Assignment 1: Rasterizer

Modern GPUs implement an abstraction called the Rasterization Pipeline. This abstraction breaks the process of converting 3D triangles into 2D pixels into several highly-parallel stages, allowing for a variety of efficient hardware implementations. In this assignment, you will be implementing parts of a simplified rasterization pipeline in software. Though simplified, your pipeline will be sufficient to allow Scotty3D to create preview renders without a GPU!

Different graphics APIs may present this pipeline in different ways, but the core steps remains consistent: a GPU draws things by running code (in parallel) on a list of vertices to produce homogeneous screen positions (+ extra varying data), building triangles from that list of vertices, clipping the triangles to remove parts not visible on the screen, performing a division to compute screen positions, computing a list of "fragments" covered by those triangles, running code on each fragment, and composing the results into a framebuffer.

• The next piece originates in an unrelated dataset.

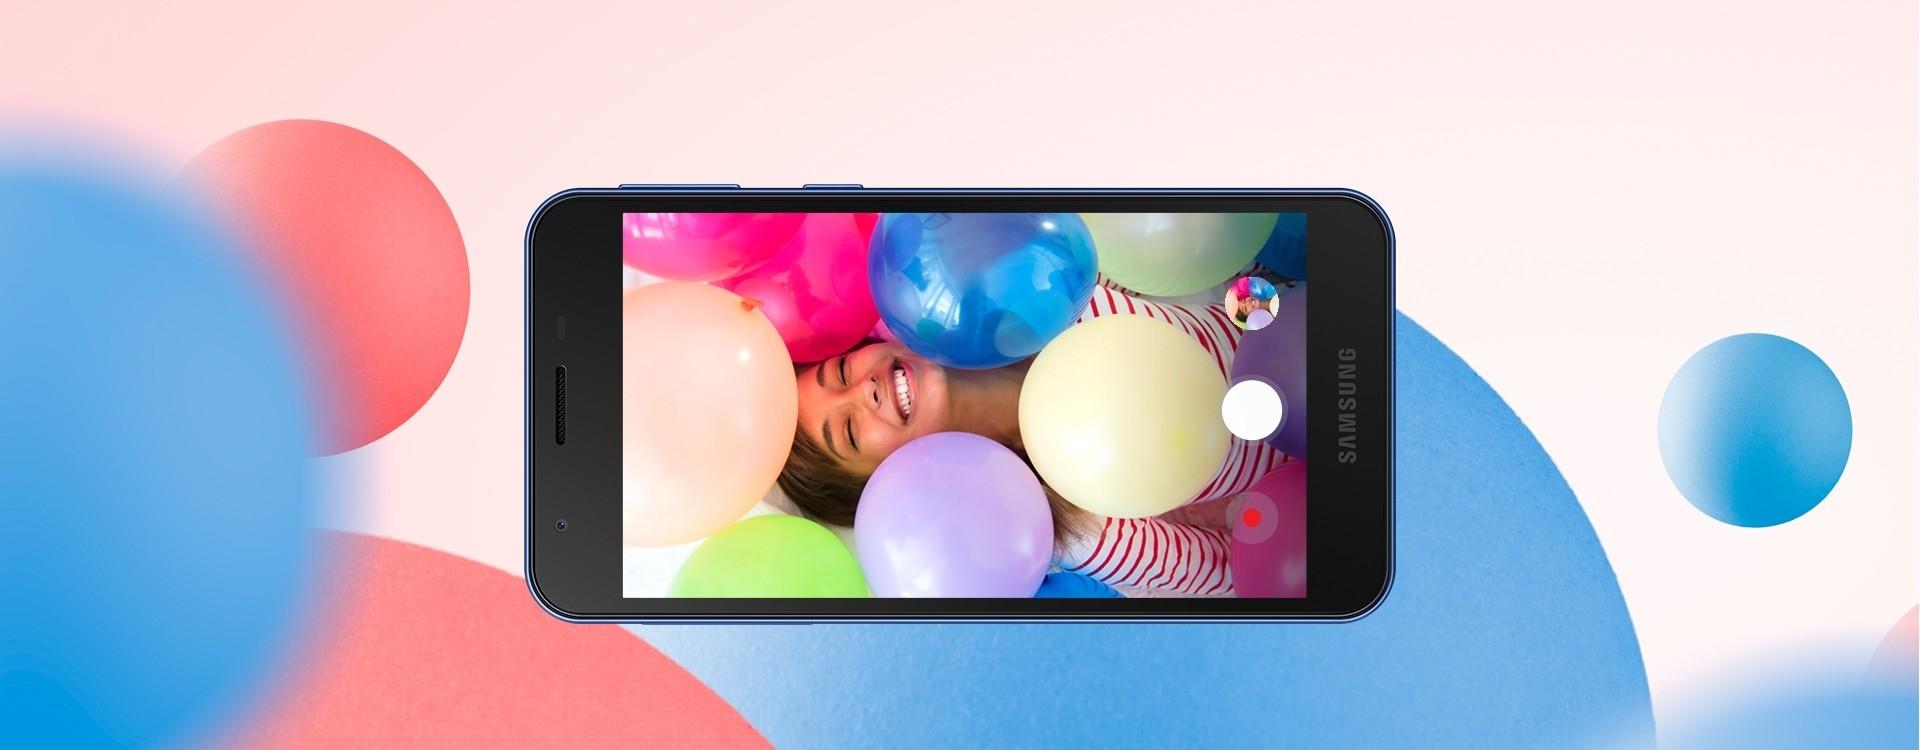 Caméra avant et arrière Samsung Galaxy A2 Core

Read through src/rasterizer/pipeline.h to understand how our code implements this pipeline. You will be filling in functions in src/rasterizer/pipeline.cpp (as well as several other files) to complete this implementation.


Total [100pts]:

Hand-in Instructions

To turn in your work, make sure you have all the files in the proper place and then run the following command in your root directory:

$ tar cvzf handin.tgz src/ tests/a1/ writeup.txt render.s3d render.png



You will submit a short document explaining how you believe your implementation performs on each of the tasks. The project directory contains a template in writeup.txt. For each task, do either of the following: * If you believe that you have correctly implemented the required functions, simply leave the text "Fully implemented." * If your implementation does not fully function, write a short explanation of what your code can and cannot do, and (optionally) briefly explain your strategy and how you got stuck. If your explanation indicates significant understanding of the problem, we may award partial credit even though the code does not work.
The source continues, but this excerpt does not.